- Premier jest urzędnikiem i musi wypić piwo, którego nawarzyła Elżbieta Radziszewska. Radziszewska nie powinna była powiedzieć tego, co powiedziała, ale czasu nie da się cofnąć. Przeprosiny, przeprosinami, niesmak pozostał - tak o sprawie Elżbiety Radziszewskiej mówi w rozmowie z "Polską The Times" poseł PO Kazimierz Kutz. I zapowiada, że w związku z ofensywą "szeroko pojętej lewicowości" Platforma być może będzie musiała zmienić swój profil ideowy.

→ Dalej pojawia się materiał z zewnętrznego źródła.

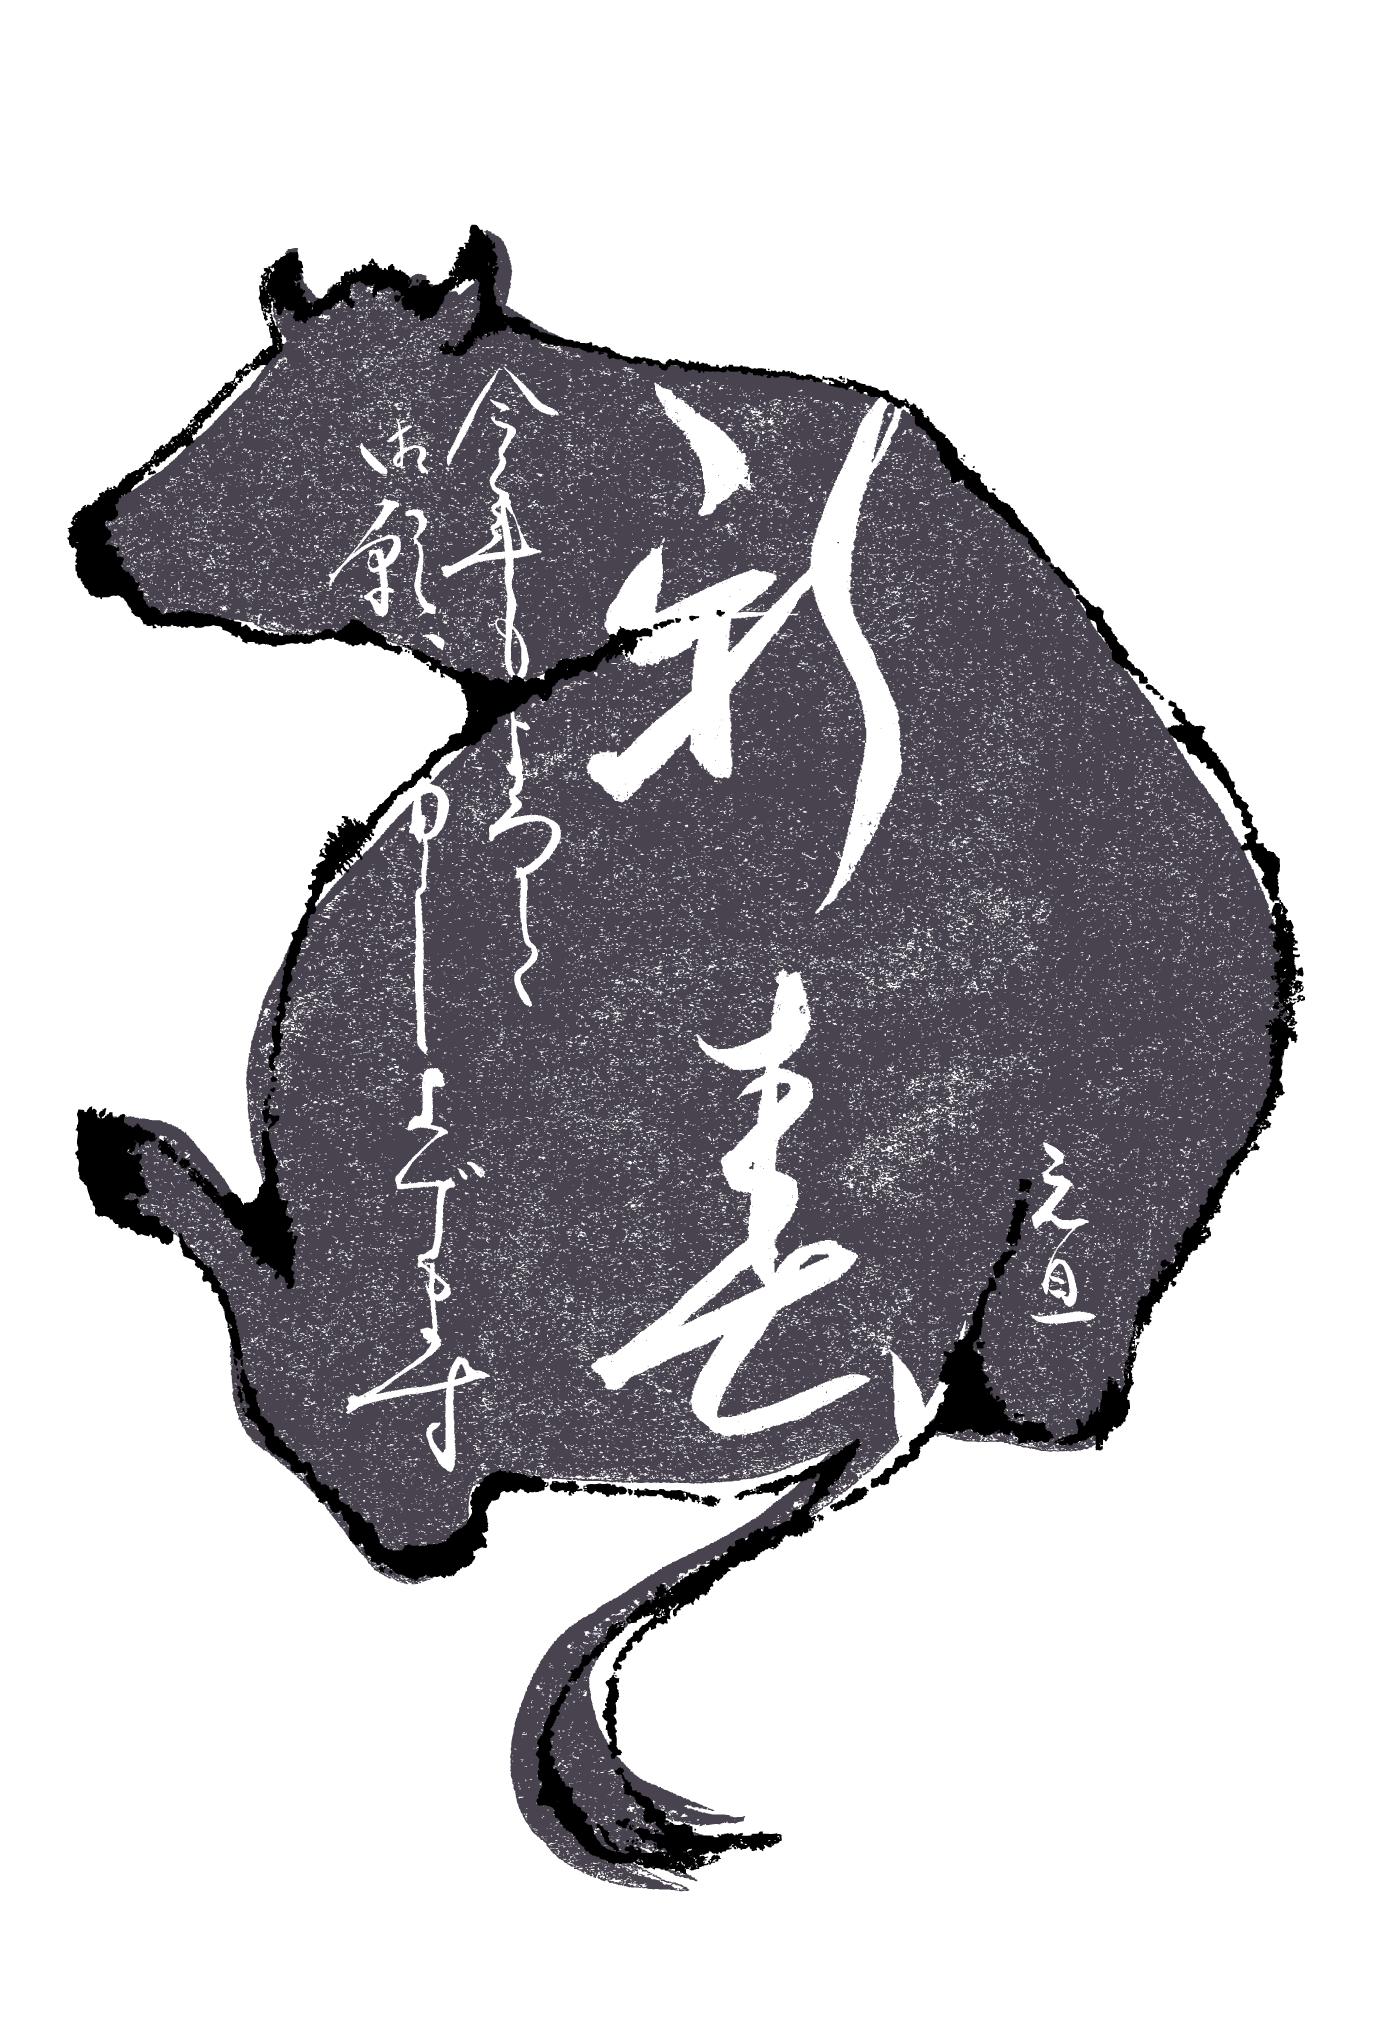 2021年賀状21-1:見返り牛(新春)黒のダウンロード画像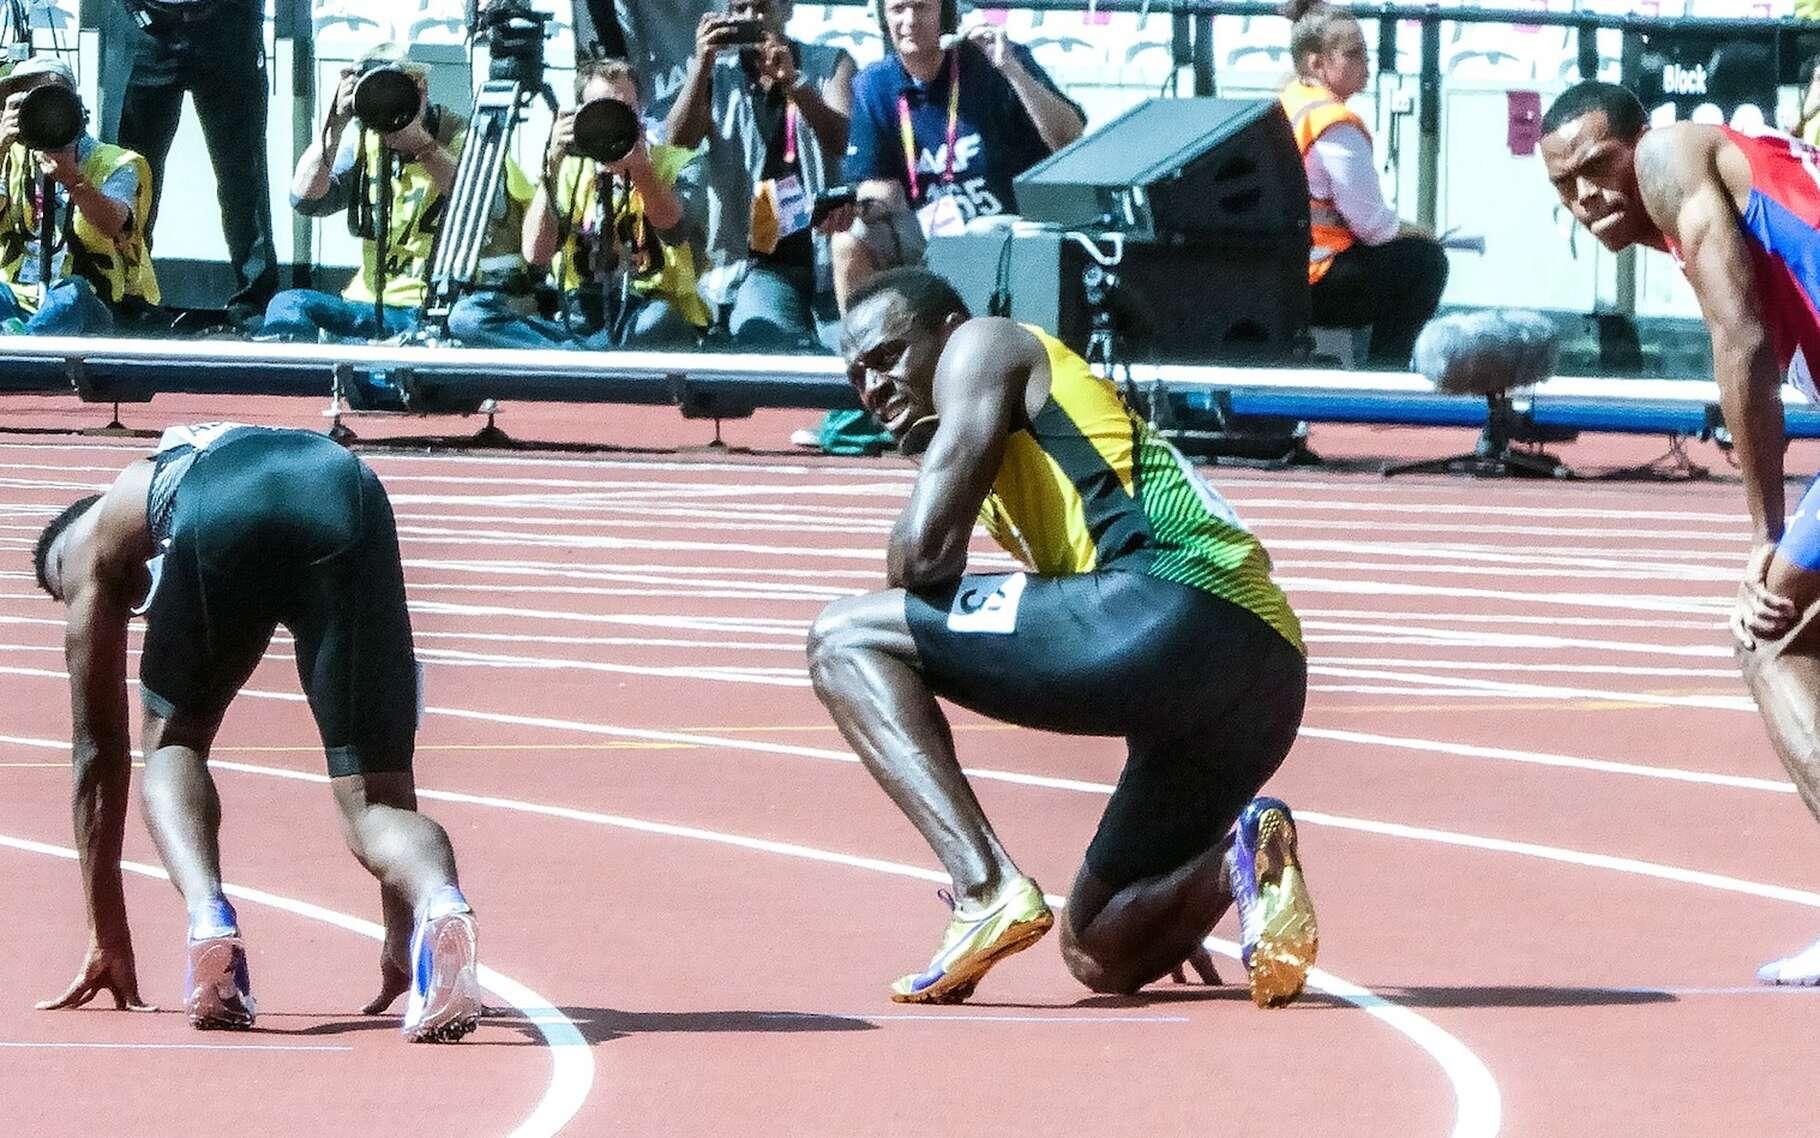 Usain Bolt – ici au milieu – est l'homme le plus rapide au monde. Mais sa vitesse moyenne sur 100 mètres n'excède pas les 40 km/h. © LawriePhipps, Pixabay, CC0 Creative Commons

- PO jest bardzo różnorodna. Skoro może w niej współistnieć Gowin, Palikot, i wielu innych, to świadczy to o ogromnej otwartości. Nie można Platformy porównywać do PiS-u, którym rządzi jedna osoba niepodzielnie określająca poglądy całej partii - w taki sposób Kutz odpiera ataki SLD. Wicemarszałek SLD Jerzy Wenderlich stwierdził wcześniej, że problemem jest to, że PO pozwala Radziszewskiej na takie wypowiedzi. - Partyjność nie musi być związana z zasznurowaniem ust i światopoglądowym ujednoliceniem. Oczywiście - w sprawach generalnych istnieje jedno przywództwo. Jednak indywidualne racje są jak najbardziej dopuszczalne. Weźmy na przykład sprawę in vitro. To nie jest rozkaz i wykonanie - tłumaczy Kutz.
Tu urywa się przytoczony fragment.